Luísa Moreira, atraída pelo poder, mas com uma forte consciência política, engajada politicamente, é um retrato da ascensão de pessoas de classes mais baixas, graças ao incentivo de políticas sociais. Independente, determinada e pragmática, tem uma história de ativismo com Kleber e se sente culpada por não o ajudar quando ele deixa a prisão. Luísa vive uma relação conflituosa com Alexandre, um sujeito privilegiado, que vai iniciar uma jornada contra as próprias crenças. Já Kleber, com um “inato espírito de liderança”, se posiciona visceralmente contra a Copa do Mundo no Brasil, alegando que o país deveria ter outras prioridades, denunciando a exploração capitalista, a alienação do sistema educacional e uma paz ilusória que beneficia apenas as classes dominantes. Torturado na cadeia, vê a própria saúde deteriorar, mas mantém a postura combativa, se recusando a se submeter ao sistema prisional.
Mauro Donato usa de sarcasmo, ironia, para ridicularizar alguns discursos e ações de personagens, dando uma atmosfera de isenção à trama. A linguagem, aqui, é suporte para expor um sistema de injustiças, falcatruas e outras mazelas fartamente encontradas na sociedade. O tom coloquial, muitas vezes usado no livro, serve para dar um caráter mais realista e direto, destacando não só o contexto da história, mas também a visão de cada um, segundo o papel desempenhado na trama e a própria forma com que interpreta a realidade.

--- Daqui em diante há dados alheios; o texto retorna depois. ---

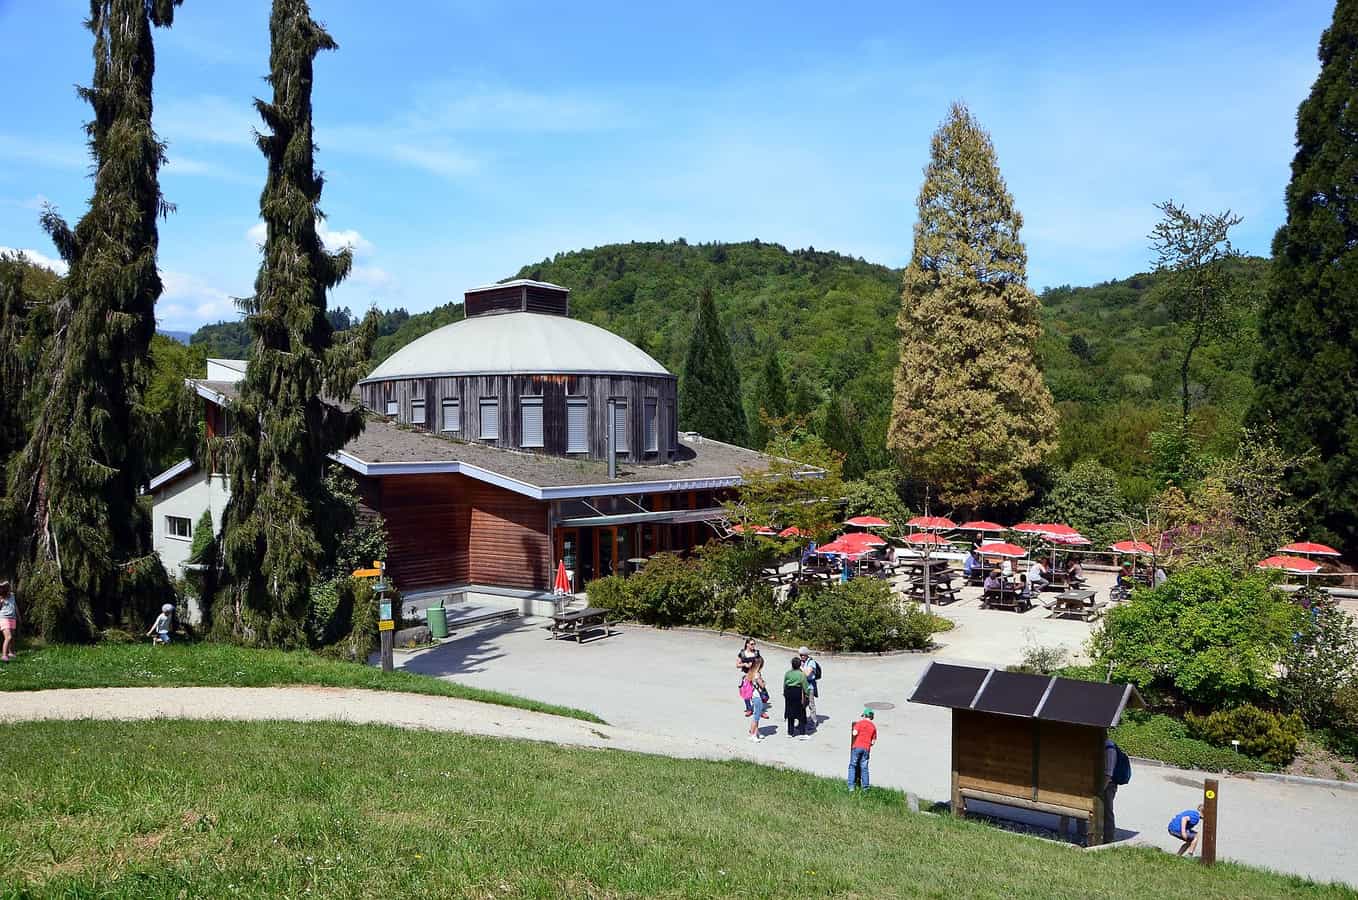 The Arbr'espace, management and reception centre of the Aubonne's valley's arboretum

Em diversos momentos, Donato contrapõe uma fala erudita e politizada a outra, alienada e superficial, de maneira muito competente, sublinhando as diferenças ideológicas e sociais dos protagonistas. Cabe, ainda, citar a multiplicidade de discursos, quando o texto dialoga com outras expressões, como slogans de cartazes, letras de músicas, notícias de jornais, postagens em redes sociais, deixando o estilo dinâmico e chamando o leitor para perto da trama.
Em “O mais estranho nisso tudo”, Mauro Donato constrói um romance de alta qualidade, que transcende um retrato raso dos protestos de 2013 no Brasil, trazendo uma crítica social incisiva em uma linguagem moderna, de um escritor competente. Mauro Donato leva o leitor a tomar partido a respeito de uma sociedade dividida, polarizada, com as contradições cada vez mais afloradas. A força da militância, mesmo com as diversas incoerências que carrega, é colocada à prova, diante de uma classe média alienada e cada vez mais egoísta. O romance não aborda levianamente este problema, antes apresenta diversos pontos de vista para que o leitor pondere sobre cada um.
Com um registro sarcástico, irônico, cínico, algumas vezes, o livro não traz respostas prontas, soluções fáceis, mas sim um convite para que o leitor questione o status quo, a própria classe a que pertence, a forma com que se relaciona com as mídias, com os outros e com o mundo. Imersos nessa dificuldade de saírem da própria bolha, Luísa, Kleber e Alexandre sobrevivem, comprovando que o mais difícil nisso tudo e, em consequência, o mais estranho, é a dificuldade de enxergarem o outro e as nuances das diversas realidades que os cercam.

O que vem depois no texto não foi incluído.